5 eating tips to help reduce blood pressure

Adding potassium, eating more green vegetables, reducing sugar, and limiting alcohol and calories can help reduce medication use in people with high blood pressure, and even prevent the disease.

Older age is a risk factor for hypertension. More than half of middle-aged people suffer from this disease. The right diet can help reduce the risk and reverse worrying increases in blood pressure.

Emily Gier, associate professor of nutritional science at Cornell University in Ithaca (USA), said the diet does not cause side effects like some medications. Doctors often recommend reducing the amount of salt in the diet. On average, Americans consume about 3,400 mg of salt per day. According to the Nutritional Guidelines for Americans (DGA), each day you should consume less than 2,300 mg, equivalent to one teaspoon of table salt. The American Heart Association recommends ideally no more than 1,500 mg of salt per day.

Cutting back on salt can have positive results. For example, cutting from 5,000 mg a day to about 1,300 mg reduced systolic blood pressure (top blood pressure) by an average of 8 points and diastolic blood pressure (bottom blood pressure) by about 3 points, according to a study last year in the medical journal JAMA.

However, reducing salt in the diet is not easy. Most salt comes from pre-packaged foods and restaurant dishes such as pizza, sandwiches, cold cuts, bread, soup, chips, cookies, etc. Even if the ideal sodium level is not achieved, apply a The following methods can significantly reduce blood pressure:

Hyperkalemia

Increasing potassium intake is an important part of blood pressure management. According to Associate Professor Swapnil Hiremath, University of Ottawa (Canada), when potassium intake increases, the kidneys will work more effectively in excreting salt. Consuming more potassium helps eliminate sodium from the diet.

A study in a medical journal BMJ in 2013 with nearly 129,000 participants found that hypertensive people who consumed between 3,500 mg and 4,700 mg of potassium per day reduced their systolic blood pressure by an average of 5.32 points and diastolic blood pressure by 3.1 points.

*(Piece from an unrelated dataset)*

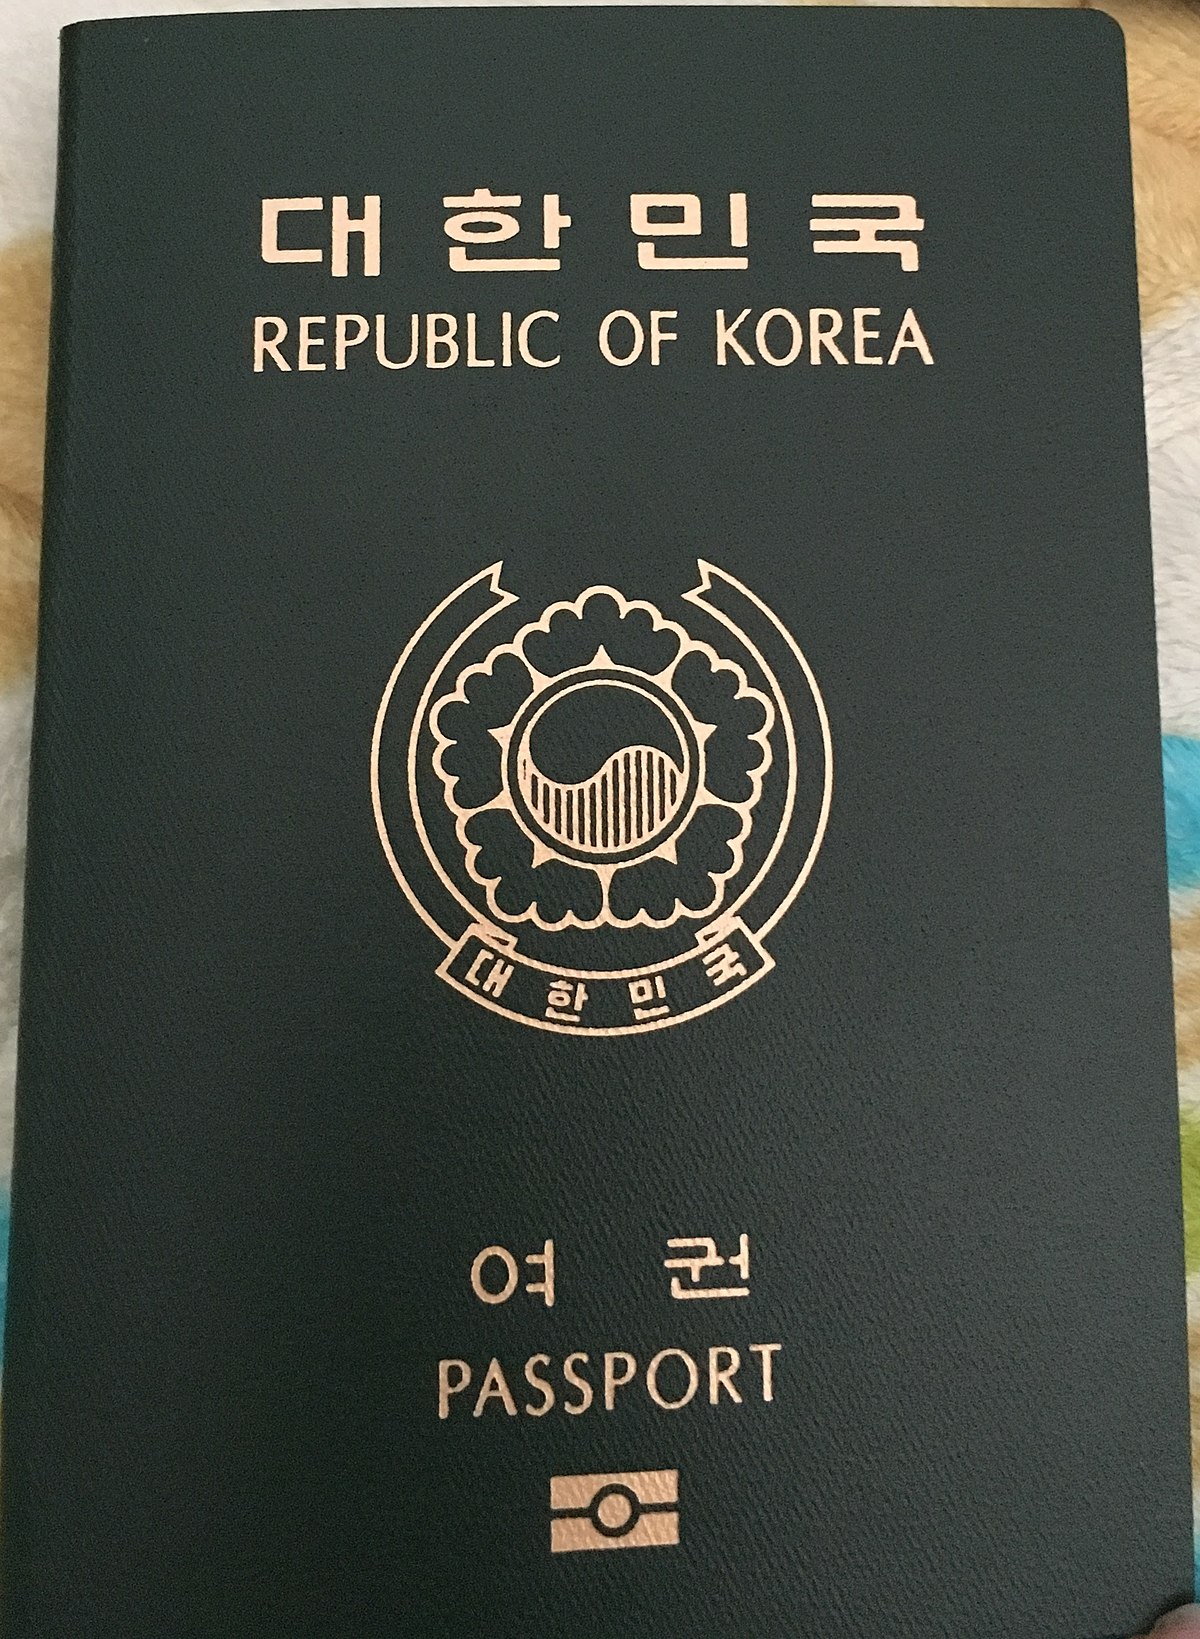 Korean passport information

Foods rich in potassium can help control blood pressure. Image: Washington Post

To maintain potassium levels, eat plenty of green vegetables, whole grains, beans, and fruits and nuts. Good sources of potassium include potatoes (895 mg per small, baked, skinless potato), lentils (731 mg cooked), pumpkin (582 mg cooked), prunes (556 mg in 10 prunes), and bananas (411 mg in an average banana).

Cut down on alcohol

The notion that alcohol protects the heart is no longer accurate. An article from the International Society of Hypertension (ISH) in the journal Journal of Hypertension 2023 recommends avoiding excessive drinking and ideally not drinking alcohol at all. There is a significant link between increased alcohol consumption and increased blood pressure.

It should be limited to 1-2 units per day (each unit is equivalent to 1.5 glasses of wine, a can of beer or a glass of spirits. According to Hiremath, there is no safe level of alcohol consumption to prevent high blood pressure and adverse cardiovascular problems.

Increase fiber

Whole grains, fruits, vegetables, seeds and beans are high in fiber – a type of carbohydrate that the body cannot completely break down or absorb. Research in journals The Lancet 2019 found that people who ate 25 to 29 g of fiber per day had a 15 to 30% lower risk of dying from heart disease or stroke than those consuming less than 15 g. Higher fiber intake may provide even more health benefits.

For people with high blood pressure, a review of 15 studies in the journal BMC Medicine 2022 found that for every 5 g increase in fiber per day, both systolic and diastolic blood pressure dropped by about 2 points. Some high-fiber foods include black beans (18 g), other beans, avocados (9 g average per pod), bulgur wheat (9 g), raspberries (8 g), pears (5.5 g average per pod), and oatmeal (4 g).

Reduce sugar

Refined sugar is linked to an increased risk of high blood pressure, weight gain, insulin resistance and high cholesterol, according to the International Society of Hypertension. In a study in the journal Nutrients In 2019, researchers estimated that reducing daily sugar intake from about 9 teaspoons (36 g) to less than 7 teaspoons (28 g) could reduce systolic blood pressure by 8.4 points and diastolic blood pressure by 3.7 points in older women.

The American Heart Association recommends limiting your daily intake of added sugar to 25 to 36 grams. Sugary drinks, such as soft drinks and many sweetened teas and coffees, are huge sources of added sugar. Studies show that sugary drinks have a greater impact on blood pressure than sugary foods, and even just one glass a day can be harmful.

Track calories to control weight

Making the above dietary changes will help increase beneficial nutrients in your diet, while reducing calories with no nutritional value, saturated fat from animal fats and sodium. This may help with weight loss. Losing about 3 to 5 kg for those who need to lose weight can also positively affect blood pressure.